Just to let you know the change, Recently Temple Run has been out for Lumia having 512 MB Ram, so YES. I play everyday on my Lumia 520.


----------



## Flash (Jul 13, 2013)

veddotcom said:


> Just to let you know the change, Recently Temple Run has been out for Lumia having 512 MB Ram, so YES. I play everyday on my Lumia 520.


Whether the swipes works flawlessly every time, when you jump or duck?


----------



## veddotcom (Jul 13, 2013)

I didn't felt any issue with Swipe or lagging but the game abruptly got closed several times,  plus the handset gets heated after playing continuously 20-30 minutes.


----------



## rdx_halo (Jul 17, 2013)

veddotcom said:


> I didn't felt any issue with Swipe or lagging but the game abruptly got closed several times,  plus the handset gets heated after playing continuously 20-30 minutes.

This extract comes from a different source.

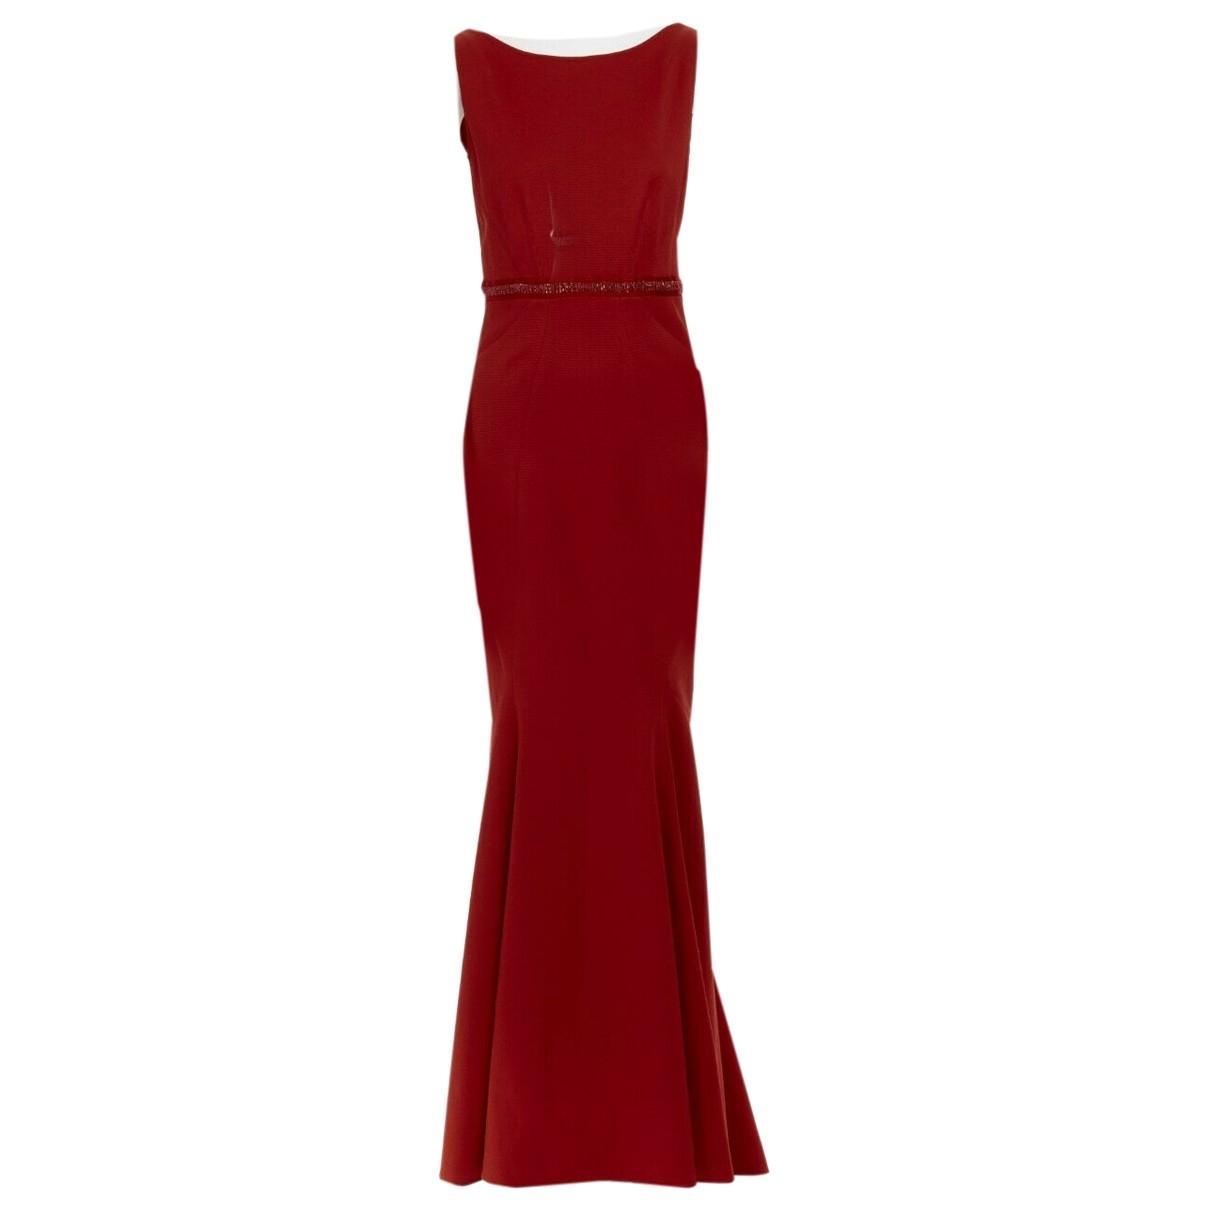 Zac Posen \N Red Cotton dress for Women 6 US
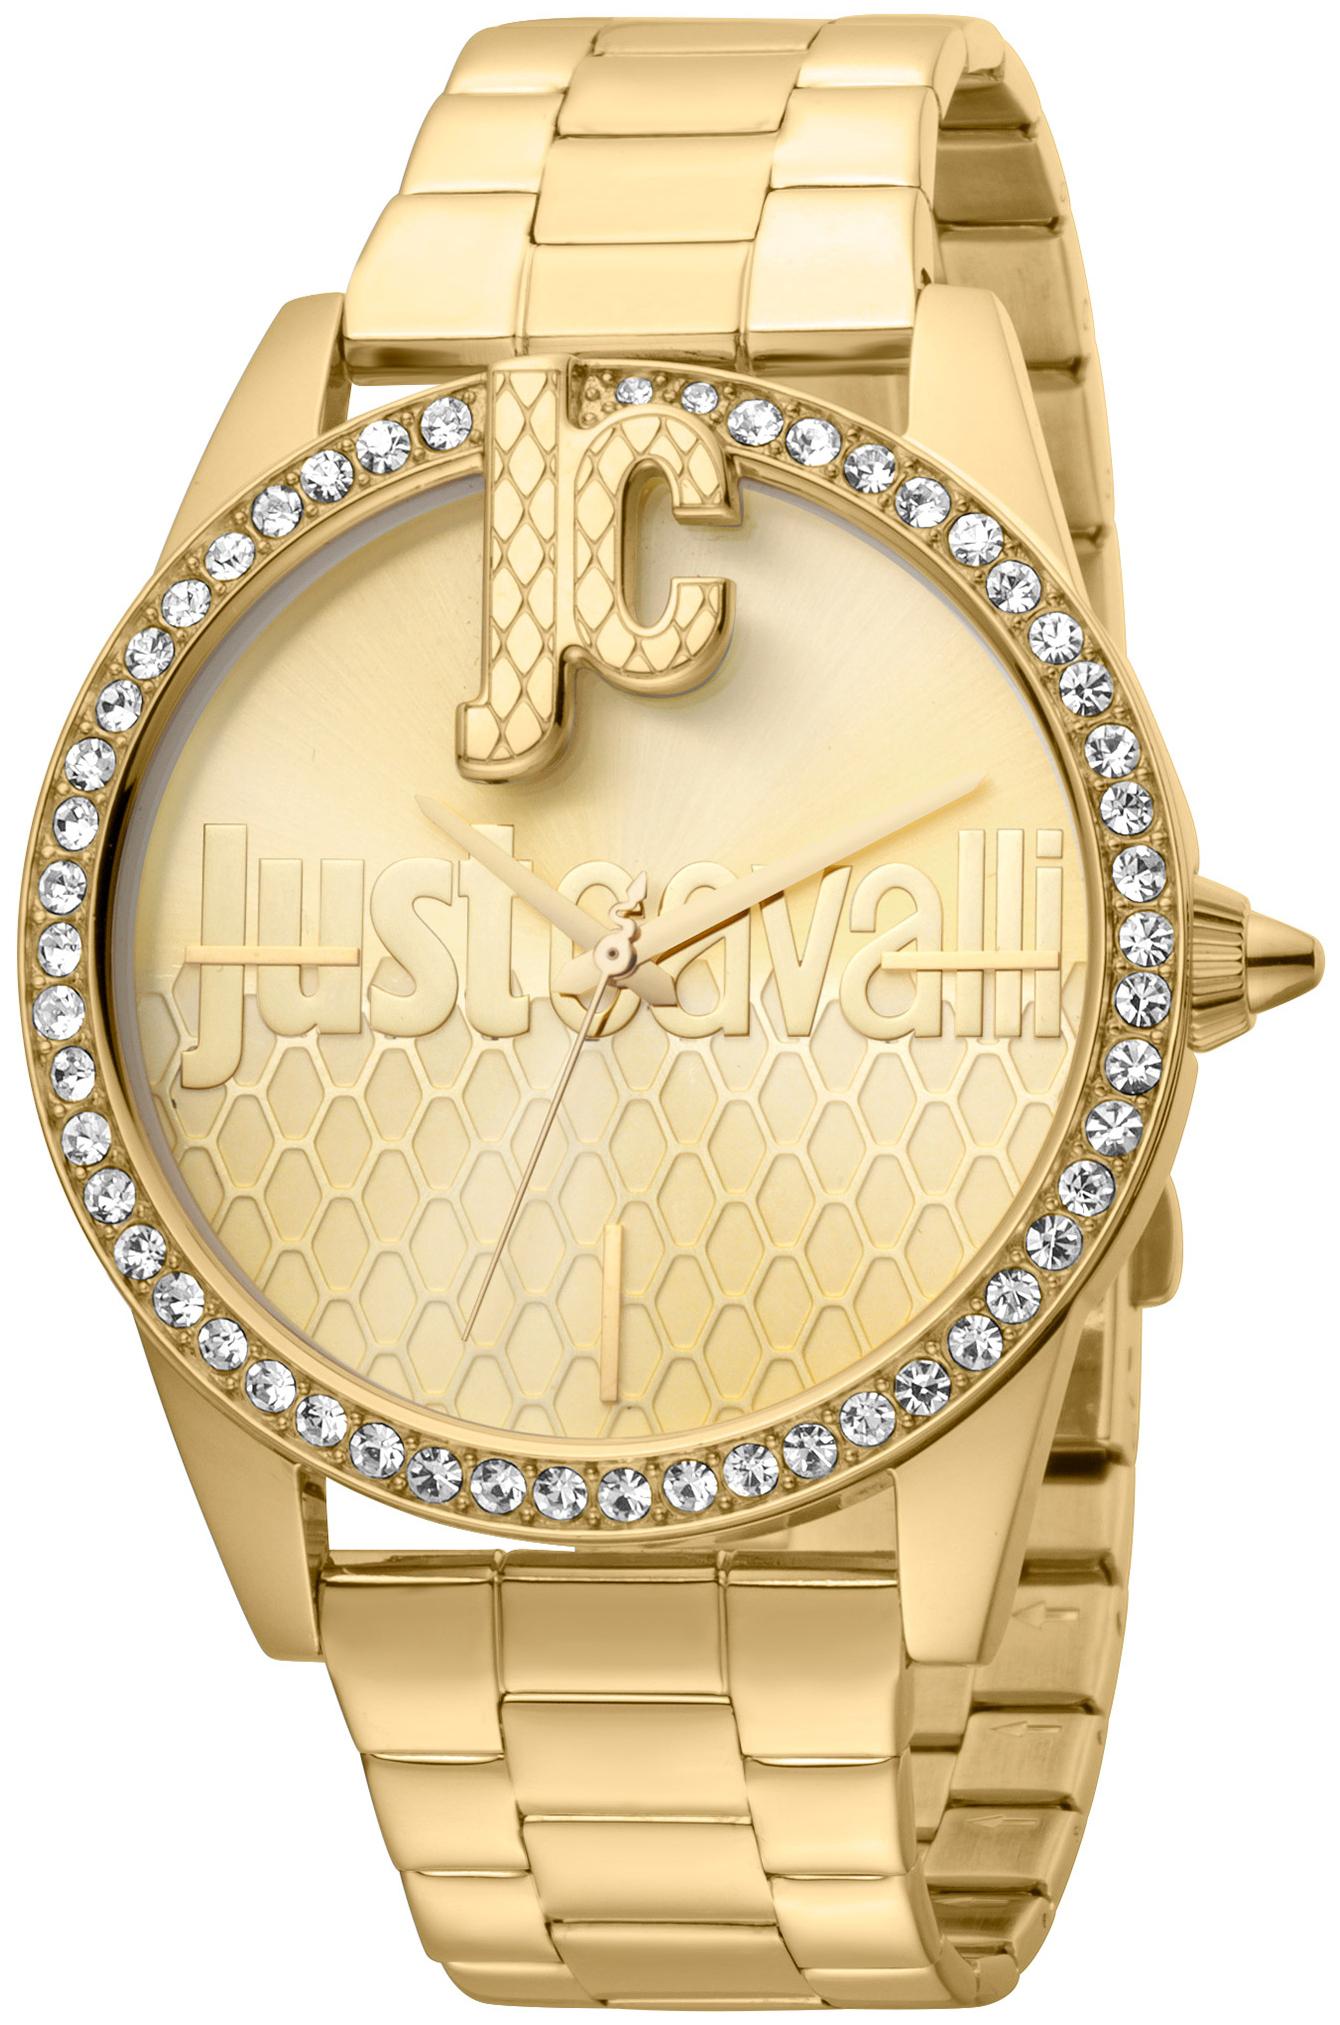 Just Cavalli Logo Dameur JC1L100M0085 Guldfarvet/Gul guldtonet stål

is it paid or free version. When the game closes abruptly did you lose all the scores?


----------



## Flash (Jul 17, 2013)

rdx_halo said:


> is it paid or free version. *When the game closes abruptly did you lose all the scores?*


Temple run in WStore is free. What do you mean by "Paid"?
Temple run: Brave is not free.

I've lost many times


----------



## PJK (Aug 6, 2013)

u cant play it on your lumia


----------



## rdx_halo (Aug 12, 2013)

PJK said:


> u cant play it on your lumia



What the hell do you mean by _u cant play on your lumia_


----------



## Flash (Aug 12, 2013)

PJK said:


> u cant play it on your lumia


wake up, buddy...


----------



## Jripper (Aug 15, 2013)

I played it on my friend's lumia 520. Ran fine.


----------



## bippukt (Aug 18, 2013)

It is running smoothly on my Lumia 520


----------



## aiza55 (May 7, 2014)

Yes, as long ad it runs android froyo(2.2)or higher.


----------



## Flash (May 7, 2014)

^ Dude, this thread is about running it on L520.


----------



## tinamalik (Oct 13, 2014)

Yeah you can play temple run in your Lumia 520. it will going good.


----------



## Shah (Oct 13, 2014)

tinamalik said:


> Yeah you can play temple run in your Lumia 520. it will going good.



Buddy, Please check the post's date before replying. You just replied to 1+ year old thread


----------



## tinamalik (Oct 17, 2014)

Shah said:


> Buddy, Please check the post's date before replying. You just replied to 1+ year old thread


    okey


----------